Our Kind Of Traitor - This Le Carre Low-Key Rocks
Dir: Susannah White
Starring Ewan McGreogor, Stellan Skrasgard, Naomie Hrris, Damian Lewis, Jeremey Northam, Mark Gatiss
There’s been a bit of a revival of the world of Le Carre of late – from Gary Oldman’s Tinker Tailor to Phillip Seymour’s Most Wanted Man to Tom Hiddlestons’ all-pumping arse. Here we have Ewan McGregor in his remarkably winning everyman mode, and a slighter story. But one that still manages to find impact.
Said Scotsman is a uni lecturer, with a troubled marriage to lawyer Harris, in a film which manages to do that thing that all really good thrillers turn on – place an ordinary person in a life-threatening extra-ordinary (and the hyphen is deliberate) situation. And, as with all Le Carre’s work, this is a story of moral complexity rather than action and moment. As such, it works very well.
The basic gist is “PROFESSOR” Ewan (that’s how Skarsgard always says it) meets Russian mafia money man Stellan, who see some worthiness in what at that point is left of each other (Ewan’s an adulterer trying to save his marriage to Harris; Stellan – well, he’s done bad stuff but loves his kids) – and come together to save what they can.
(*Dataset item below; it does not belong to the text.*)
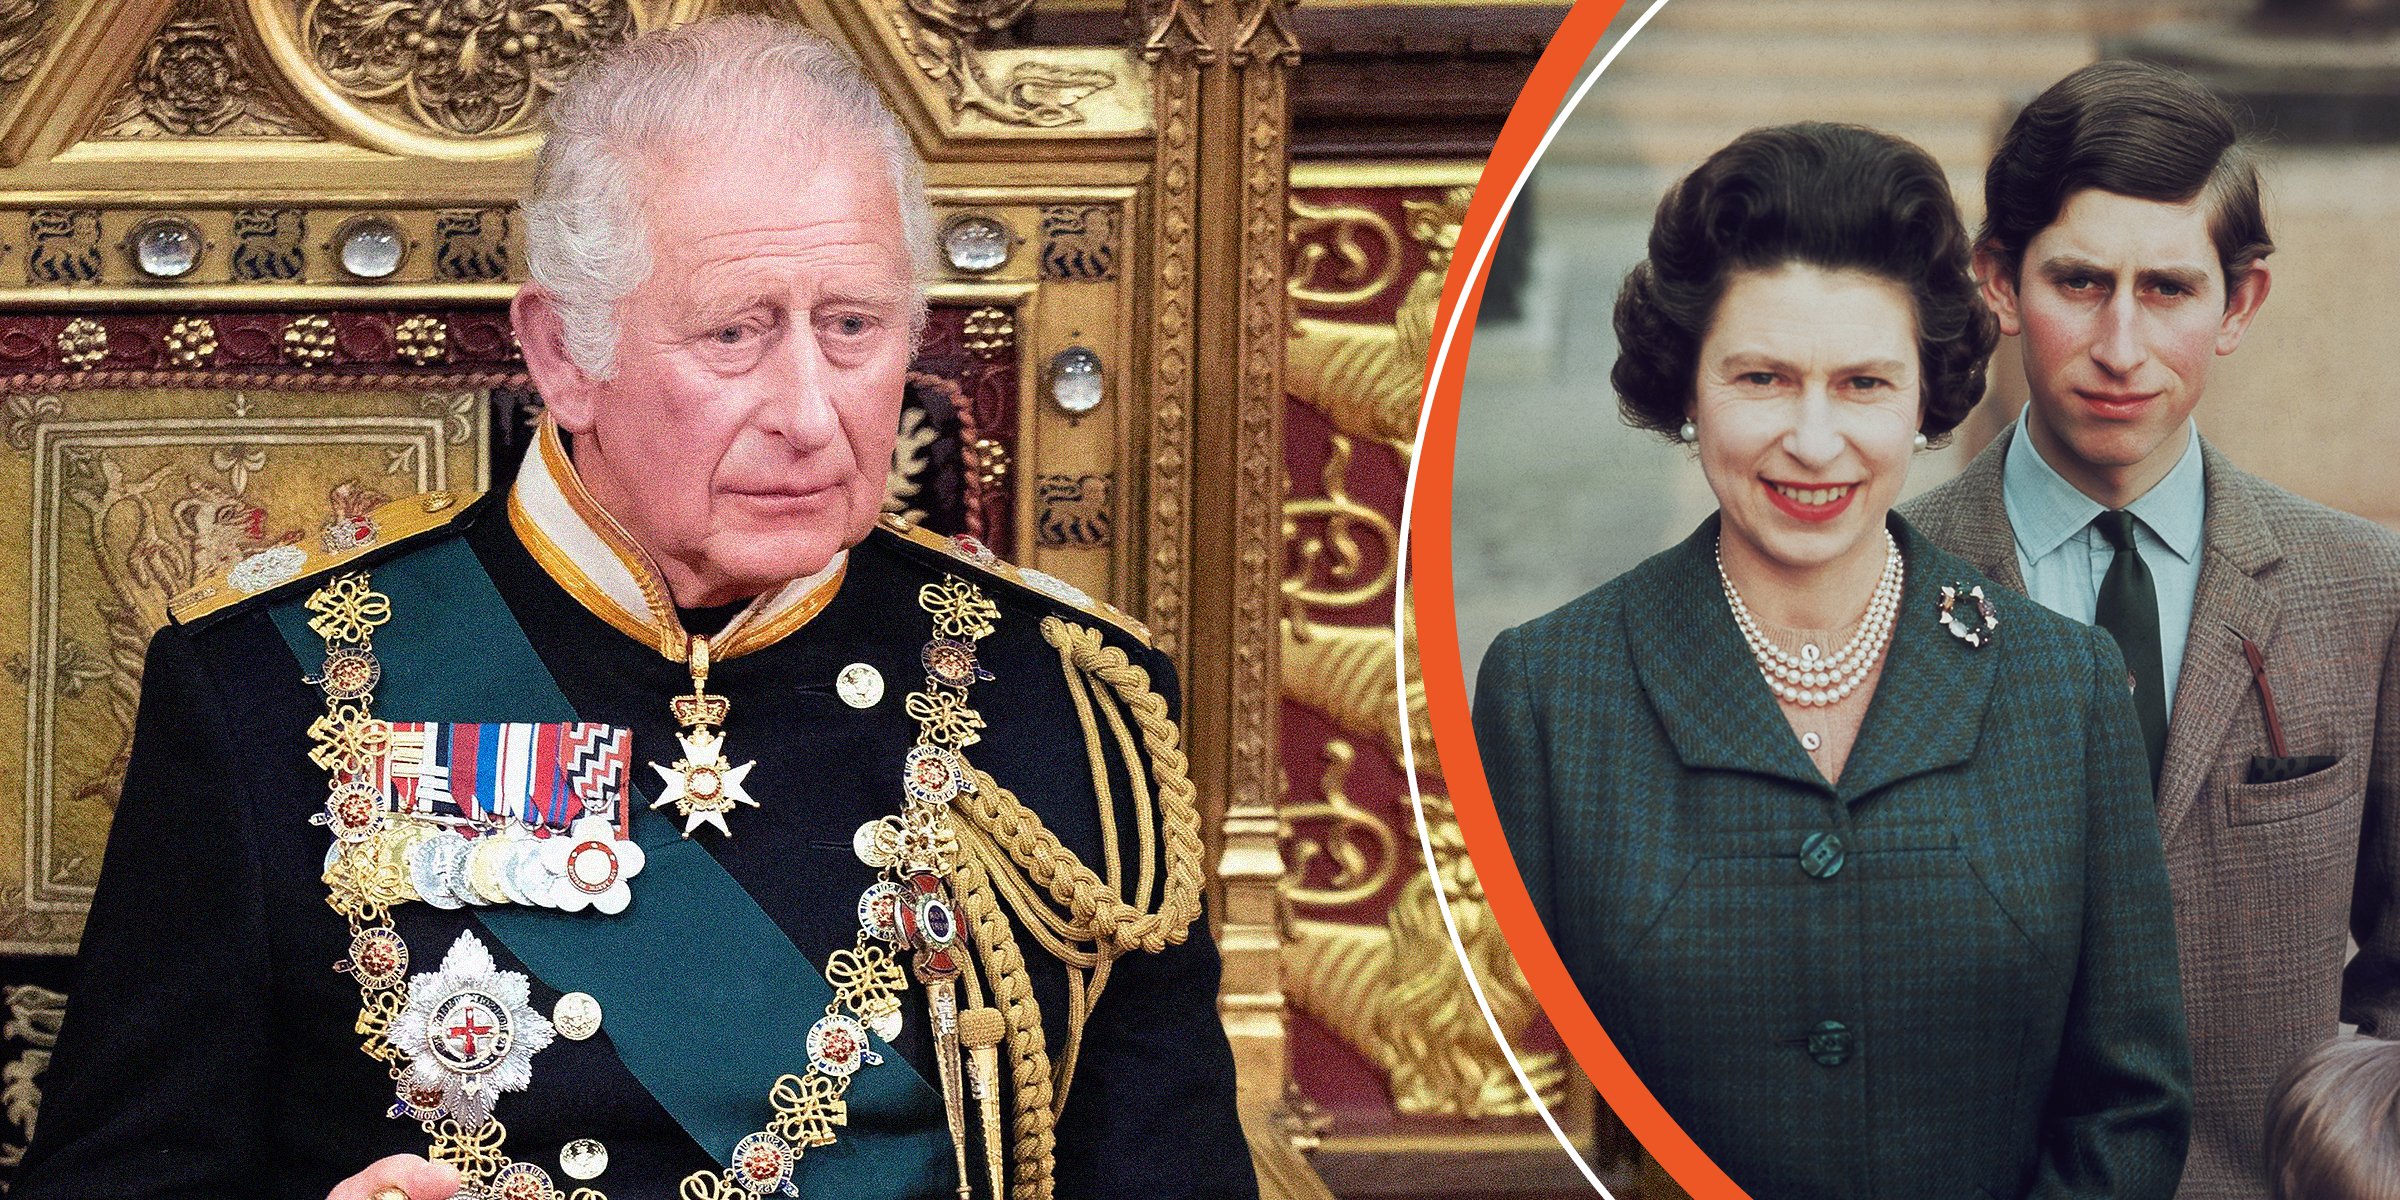 King Charles III | Queen Elizabeth II and King Charles III | Source: Getty Images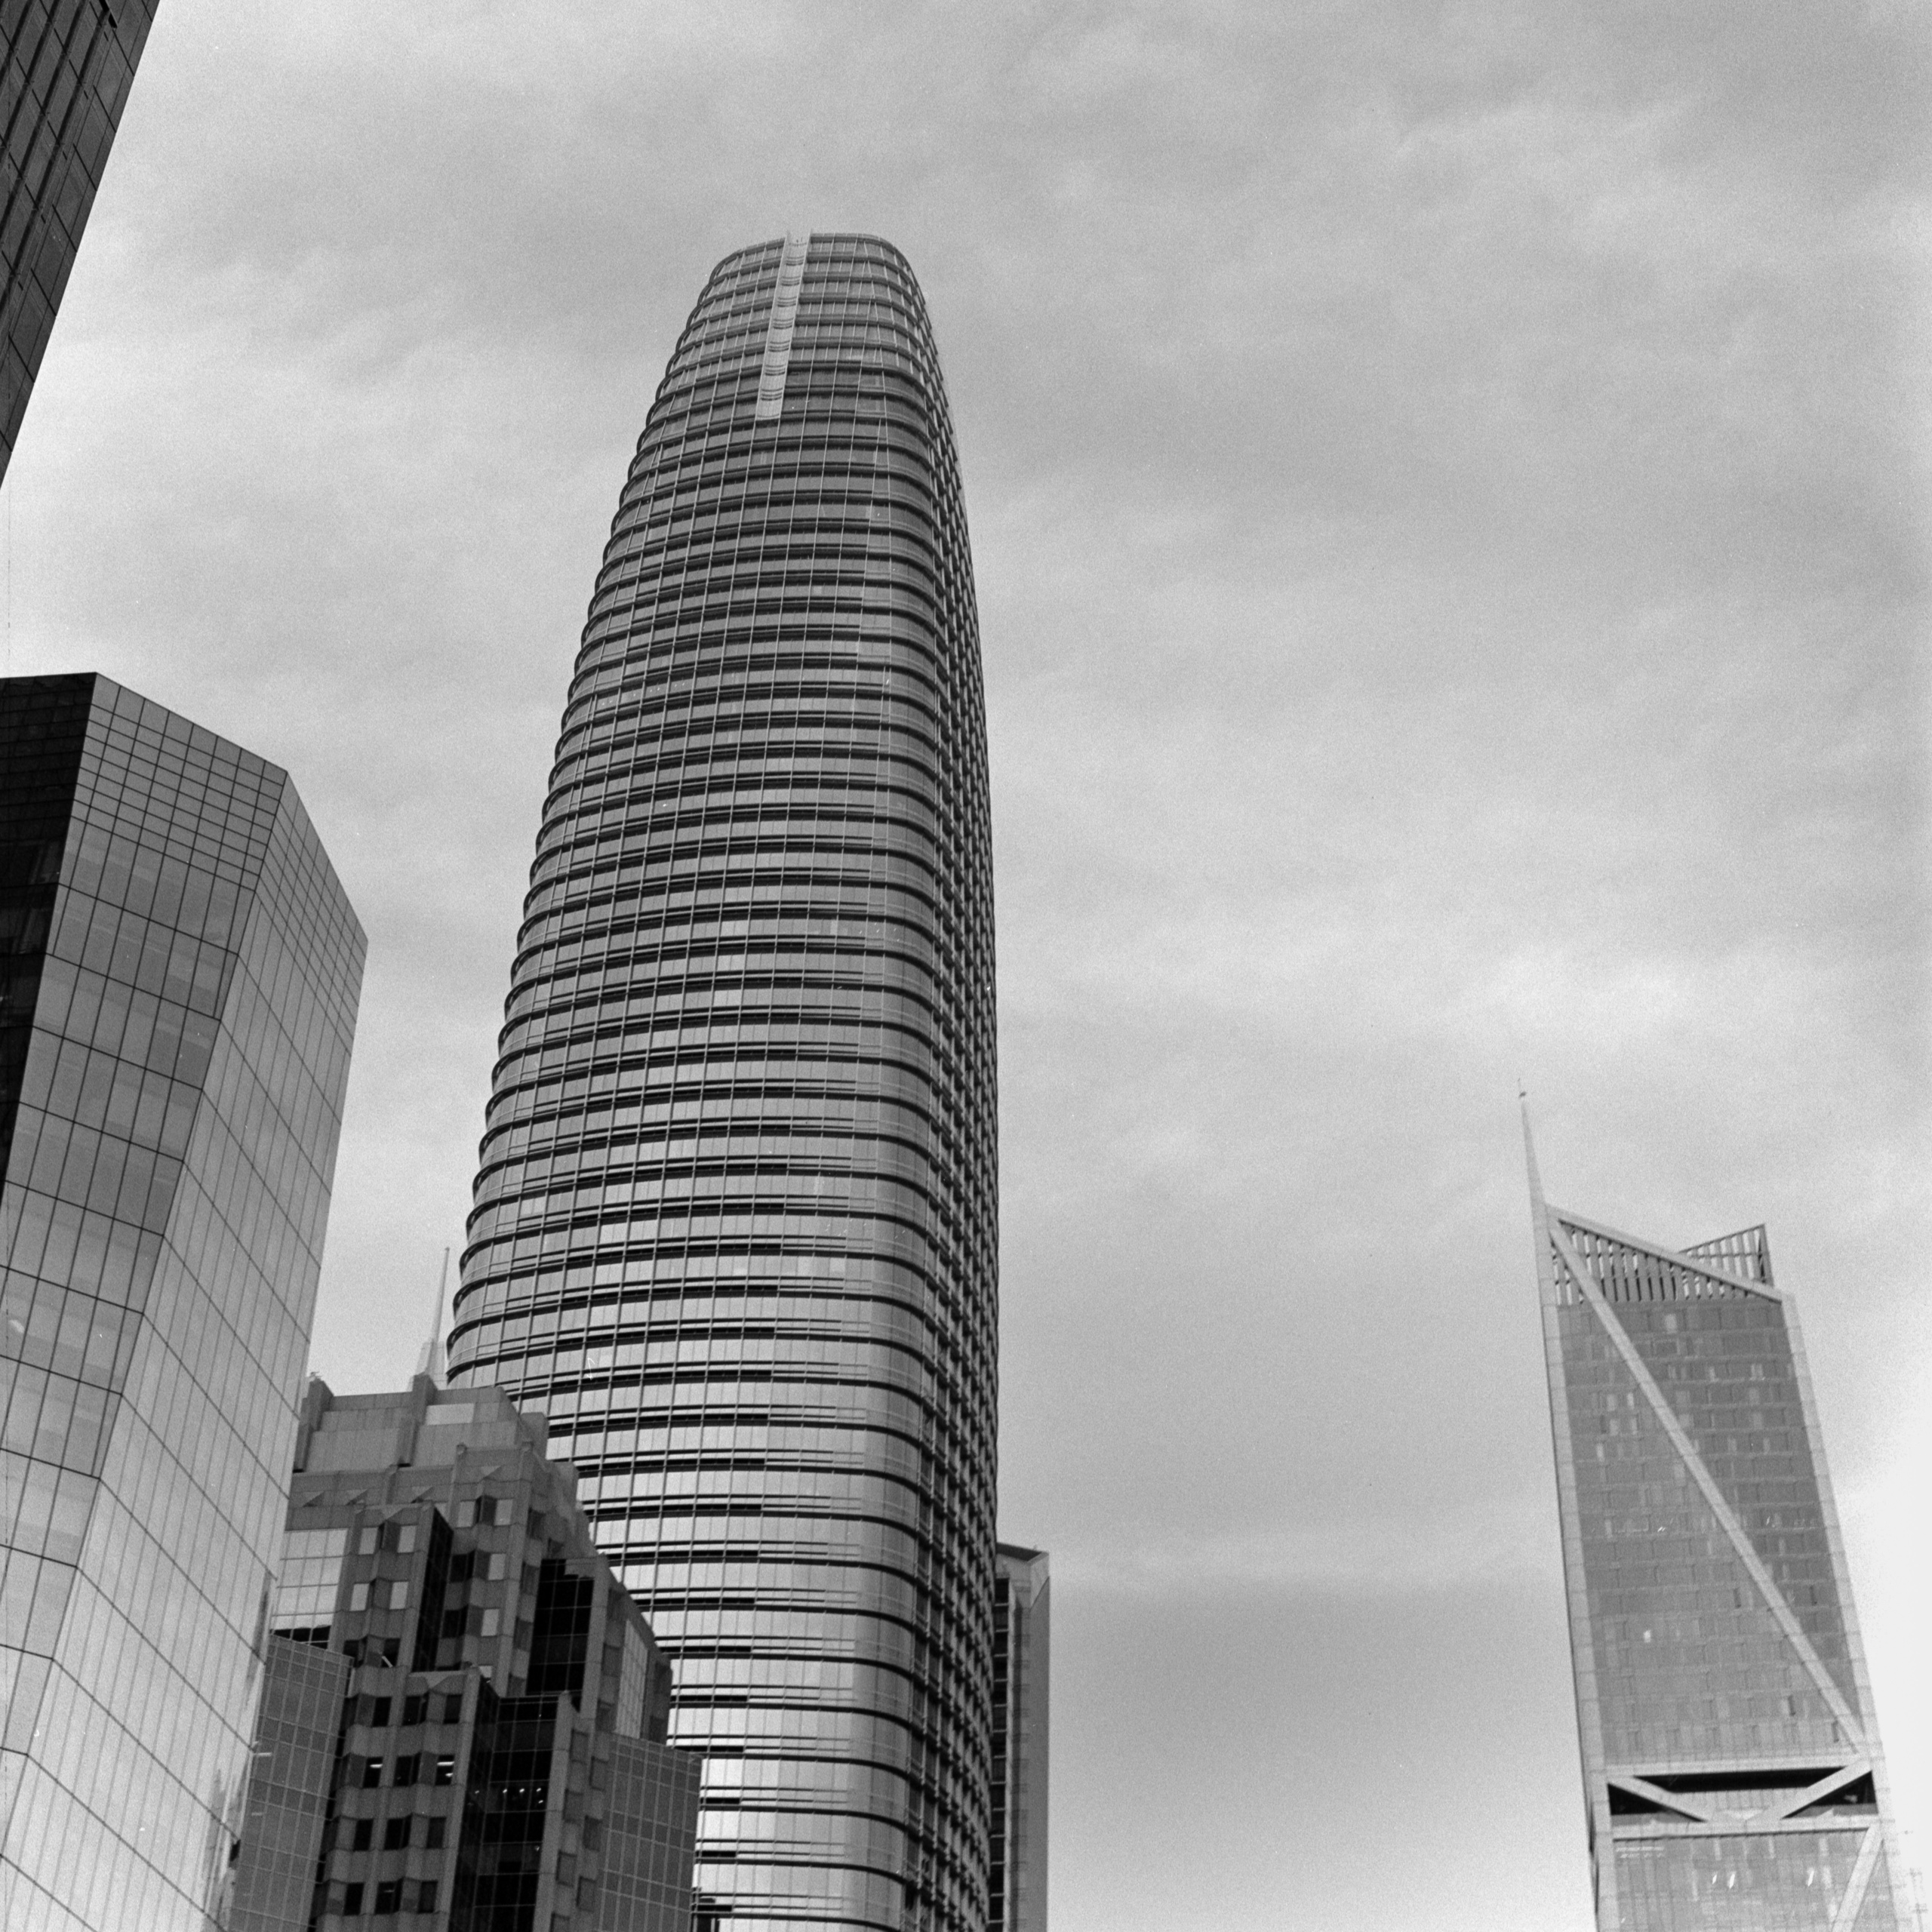 Salesforce Tower in San Francisco, CA

Damian Lewis shows up brilliantly as a MI6 type who really would know better if it wasn’t so personal, and Harris fills in all the gaps.
But the real star here in White’s film is not the cast, not even Le Carre – it is the photography of digital pioneer Anthony Dod Mantle - and yes, we’ve sung the man’s prises many times before on these pages, but here he takes a solid thriller and elevates it into a thing of beauty. To be fair, he may have made the film look better than it actually is – but we’re in the mood to forgive.
This is that small scale, mid-budget, beautiful to look at it, very engrossing, character-based movie that they keep telling us they don’t make anymore. This – actually – is that. And all the more welcome for it.